Paul Di'Anno is highly underrated, his vocals are powerful, being great at highs and as well as fast paced almost shouted verses, Di'Anno is a highlight and should be considered a legend among heavy metal vocalists as his vocals on Iron Maiden do not fail once, his range is wide and his tone powerful.
Like every Maiden album released after this debut features the now iconic galloping basslines from, only member to remain in the band since its beginning, Steve Harris. Harris does not only show how bass lines can be used to add heavy riffs to the distorted dual guitars and actually lead the song but also beautiful melody, with tracks such as "phantom of the opera" being a notable example that springs to mind.
Dave Murray and Dennis Stratton (the latter making his first and only appearance on an Iron Maiden album) show incredibly fast and technical dual guitar riffs that are just as heavy as they are melodic and catchy, adding to the beauty of Maiden in which they cross the scope of being heavy or melodic, doing both incredibly well.
Clive Burr does an excellent  job on the drums, keeping a fast rhythm, while not exceptionally technical, they are exceptionally well played and add a steady backbone to the music, working with Harris' bass lines perfectly.

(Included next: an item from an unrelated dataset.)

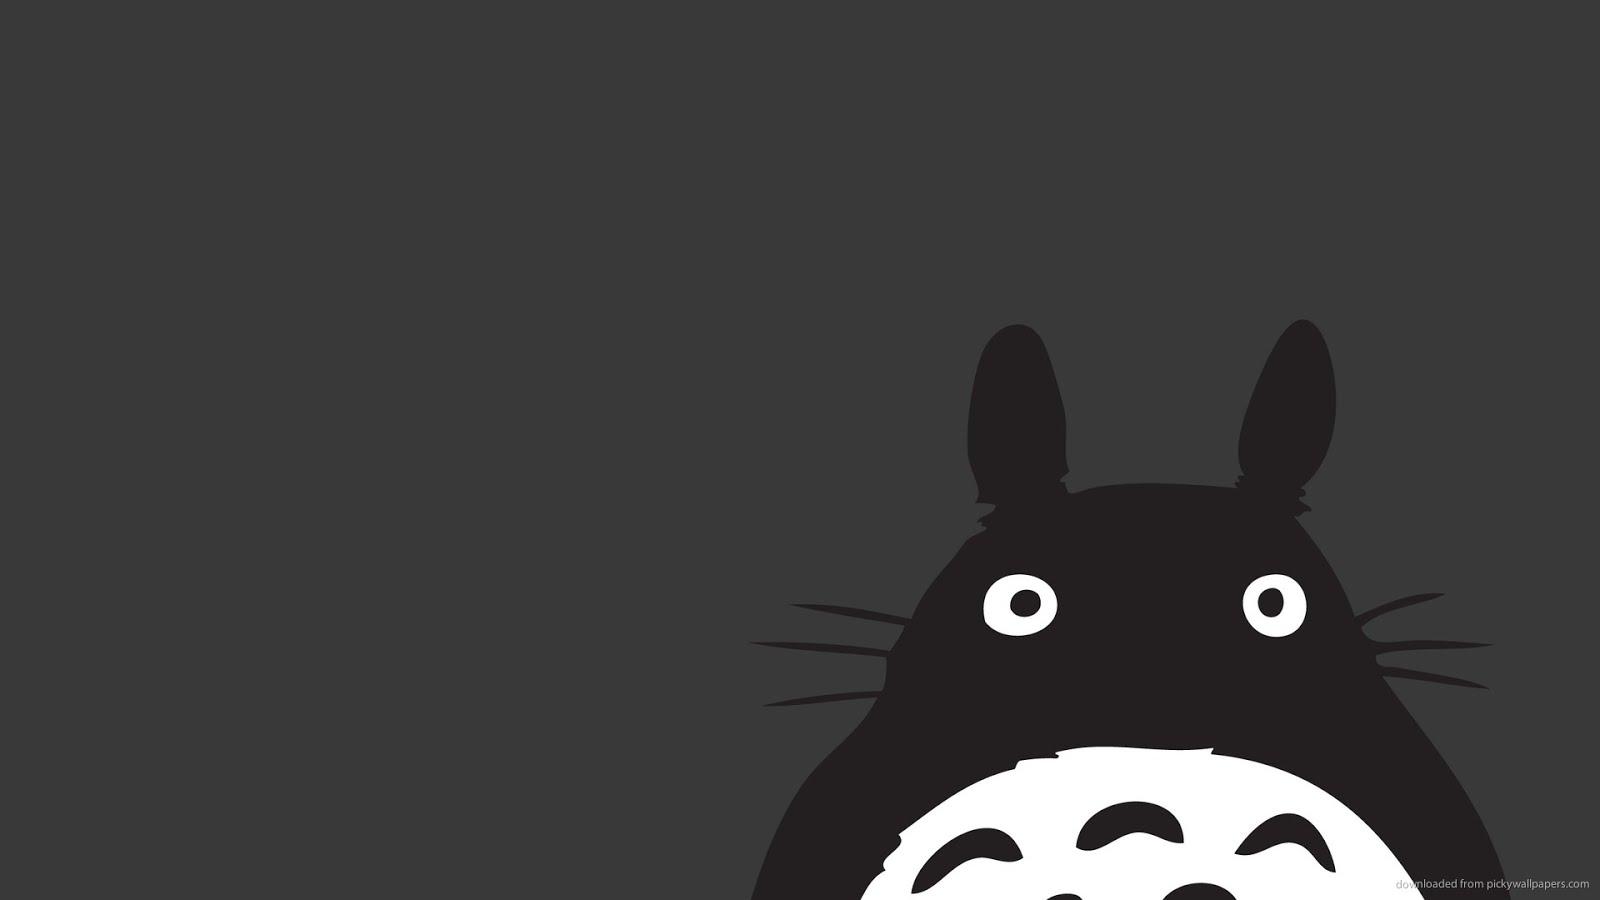 Wonderful   Wallpaper Horse Minimalist - Totoro  Best Photo Reference_906418.jpg

I think it should be noted that band themselves have come to criticise Iron Maiden's production quality, despite this, I personally do not hear anything wrong with the production quality, only that it makes a huge improvement on later releases such as "The number of the Beast", yet that doesn't necessarily mean this album lacks production quality, only when compared to later releases.

Iron Maiden features long songs, "remember tomorrow" being an example, that keep the listener absorbed into the truly ground-breaking musicianship. "Running Free" is the most famous song off this album, possibly because Maiden still play it live to this day, however no live performance from Dickinson can beat the original Paul Di'Anno vocals that fit the song in a way that Dickinson can replicate, but never fully have as his own, giving this album a special uniqueness to it in which it is almost impossible to replicate in a way that will ever match or surpass the original.

Is Iron Maiden their best? It's certainly debatable, I would say it isn't though, Iron Maiden is an album paramount in quality, especially for a debut, yet it isn't perfect when compared to later Dickinson-Maiden albums, however on it's own it is certainly an awe inspiring metal album that will leave listeners wanting to learn guitar, bass and drums.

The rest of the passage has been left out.